Welche individuellen menschlichen Faktoren begünstigen die Bildung von Biofilmen?

Worum geht es in diesem Forschungsprojekt?

Rasterelektronische Aufnahme eines Makrophagen (rot) und des Bakteriums Pseudomonas aeruginosa (blau). © Prof. Manfred Rohde und Dr. Sebastian Felgner

Worum geht es in diesem Forschungsprojekt?

Implantat-assoziierte Infektionen stellen ein ernstes Gesundheitsrisiko in Kliniken dar. Die Ursache sind Mikroorganismen, die biologische Oberflächen oder Oberflächen von dauerhaft implantierten Medizinprodukten besiedeln, und dort Biofilme ausbilden können. Bei Biofilmen handelt es sich um Ansammlungen von Mikroorganismen, die an hydratisierten Schnittstellen gebunden und in selbst produzierten extrazellulären Matrizen eingeschlossen sind. Sie stellen eine große Herausforderung bei der Behandlung von Patientinnen und Patienten dar. Bakterien in Biofilmen weisen veränderte Phänotypen in Bezug auf Wachstumsraten, Genexpressionsprofilen und Proteinproduktion auf. Eingebettet in ihre extrazelluläre Matrix bilden sie sowohl gegen Antibiotika als auch gegen die Effektormechanismen des Wirt-Immunsystems Resistenzen aus. Da die alleinige Verabreichung von Antibiotika für die Behandlung dieser Infektionen meist unwirksam ist, ist die Entfernung des infizierten Implantats zusammen mit der Verabreichung von Antibiotika die einzige Behandlungsmöglichkeit. Dies führt zu hohen Kosten und zu wiederholten Eingriffen bei Patientinnen und Patienten.
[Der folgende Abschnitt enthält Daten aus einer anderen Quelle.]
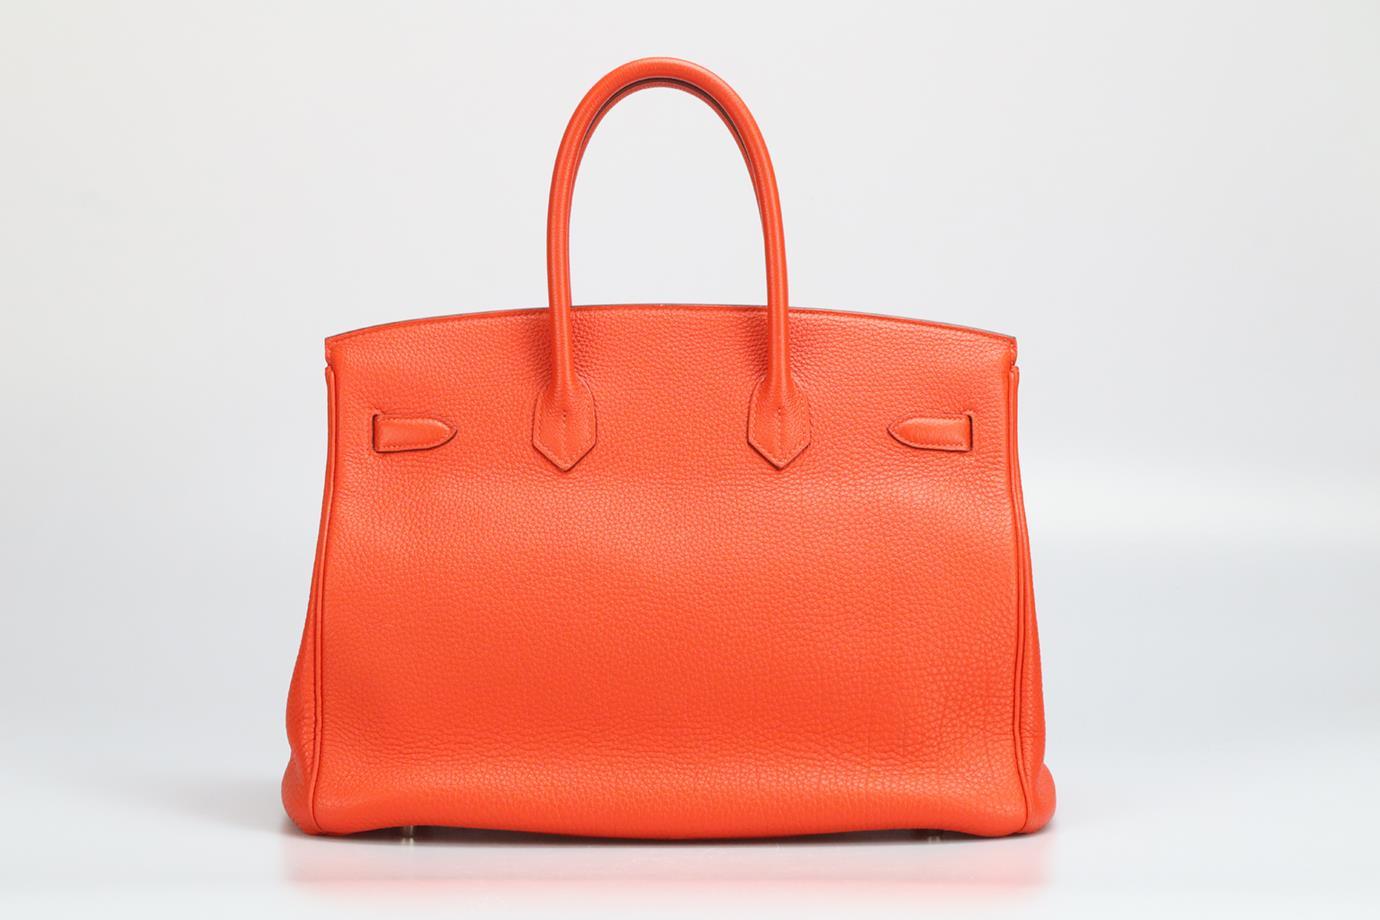 Hermès 2013 Birkin 35cm Togo Leather Bag For Sale 1

Mit Immunofluoreszenz-Färbung sichtbar gemacht: Zellkerne (blau), Makrophagen (rot)

und Pseudomonas aerugina (grün). © Dr. Sebastian Felgner

Wie ist der Stand der Dinge?

Die Zusammenhänge zwischen der Bildung bakterieller Biofilme auf Implantaten und dem Immunsystem des Wirtes wurden bisher nicht im Detail untersucht. So ist noch wenig über die Rolle des Immunsystems bei der Entwicklung von Implantat-assoziierten Biofilmen bekannt, die von S. aureus oder P. aeruginosa oder anderen pathogenen Bakterien produziert werden. Dies wäre jedoch für die Entwicklung von neuen Behandlungsstrategien von essentieller Bedeutung.
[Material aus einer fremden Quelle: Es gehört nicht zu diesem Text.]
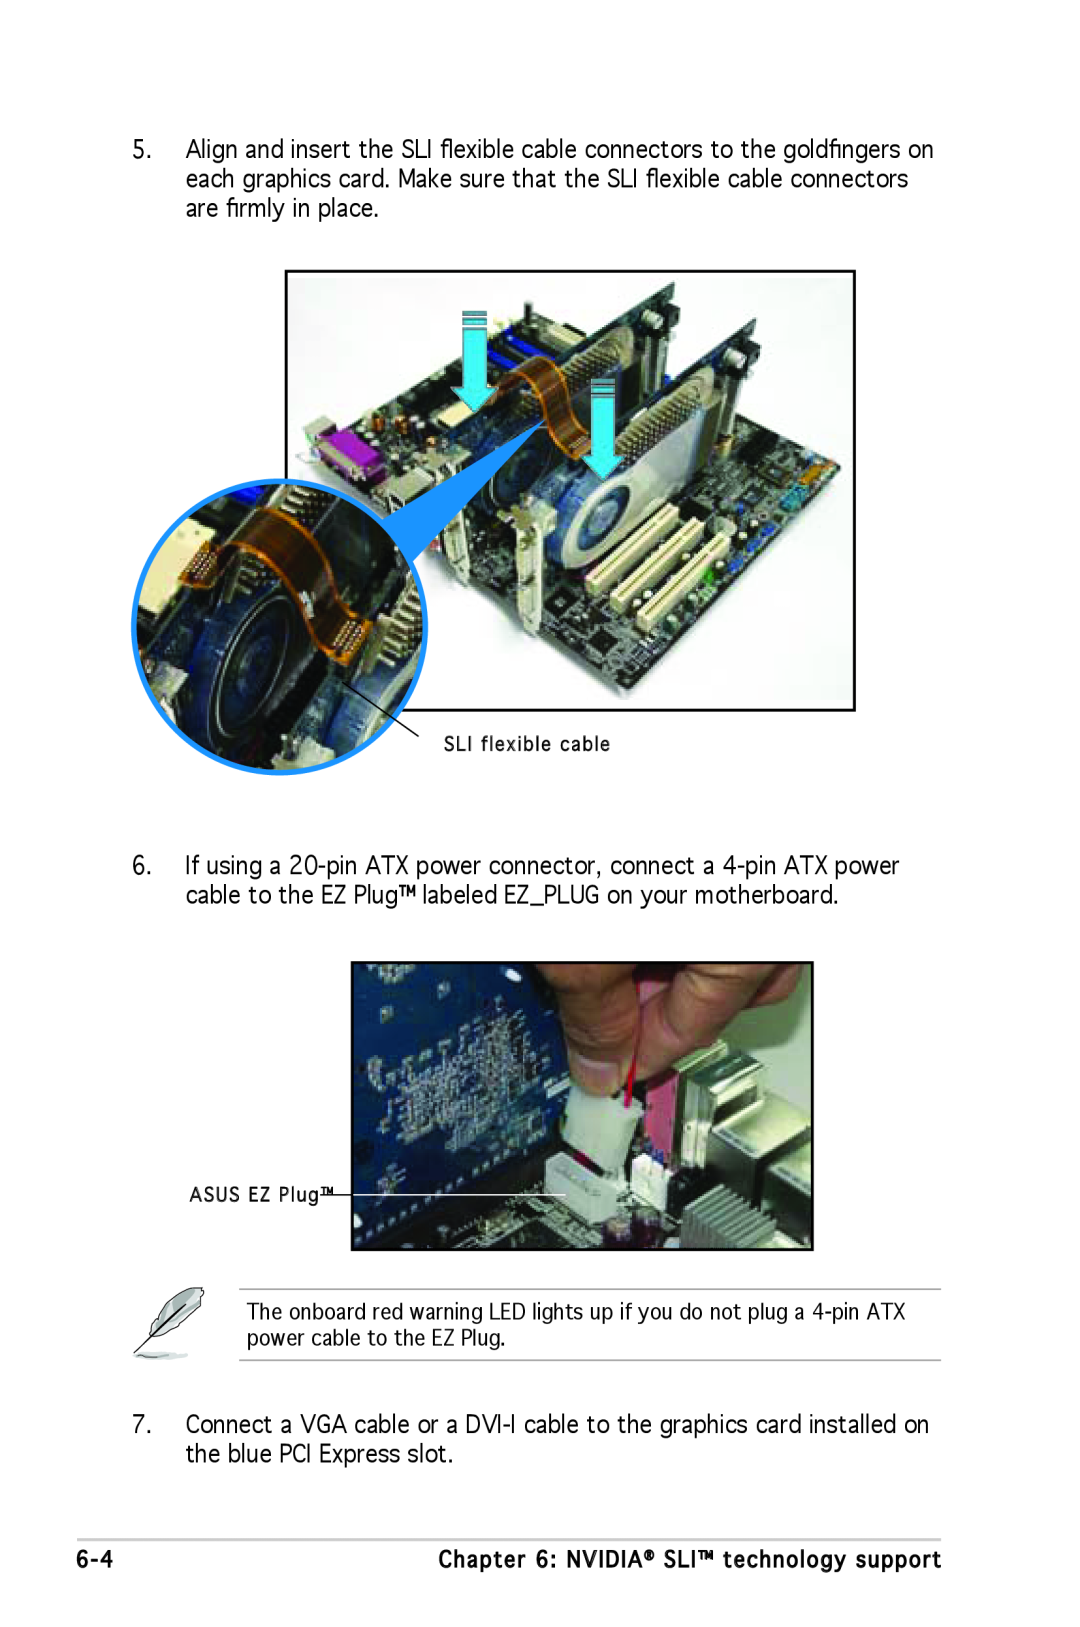 Asus A8N-SLI SE manual SLI flexible cable, ASUS EZ Plug

Für die Entwicklung eines Mausmodells zur Untersuchung Implantat-assoziierter Infektionen haben wir osmotische Pumpen mit S. aureus besiedelt und subkutan in C57Bl/6 Mäuse implantiert. Die Bakterien exprimierten eine bakterielle Luciferase, die es ermöglicht, ihre Expansion und die Entwicklung von Biofilmen durch den Einsatz nicht-invasiver Bildgebungsverfahren in vivo zu überwachen. Zudem wurde das Vorhandensein von Bakterienaggregaten und Biofilmen auf der Oberfläche der Implantate durch Immunfluoreszenz und Elektronenmikroskopie nachgewiesen. Darüber hinaus waren myeloische Zellen, darunter Neutrophile und Monozyten, zu den kolonisierten Pumpen eingewandert. Diese bildeten für die Bakterien eine Barriere zum das Implantat umgebenden Gewebe. Trotz der engen Nachbarschaft von Bakterien und myeloischen Zellen haben diese die Bakterien nicht phagozytiert. Lediglich die Eindämmung von Bakterien um die Pumpen konnte beobachtet werden. Depletion von Granulozyten führte zu einer verstärkten Infektion und zur Einwanderung von Bakterien in das den Pumpen benachbarte Gewebe.

Unterm Mikroskop: Hautproben mit Staphylococcus

aureus innerhalb von Zellulären Fallen (Pfeile).

Immunfluoreszenzfärbung: Pseudomonas aeruginosa-Bakterien, deren Geißeln grün gefärbt sind. © Dr. Sebastian Felgner

Was sind die Projektziele?

Unsere bisherigen Experimente mit osmotischen Pumpen, die immunmodulierende Substanzen abgeben, haben gezeigt, dass die Bildung von S. aureus-Biofilmen durch rekrutierte myeloischen Zellen beeinflusst werden kann. Zunächst sollten diese Erkenntnisse auf andere biofilmbildende bakterielle Krankheitserreger ausgedehnt werden.

Ein übergeordnetes Ziel dieses Projekts ist, die infiltrierenden myeloischen Zellen sowie die sich im Biofilm befindlichen Bakterien im Detail zu charakterisieren. Durch die Applikation von Substanzen über die osmotischen Pumpen, die die Funktion von myeloischen Zellen modulieren können, soll deren Effekt auf die Biofilmbildung untersucht werden.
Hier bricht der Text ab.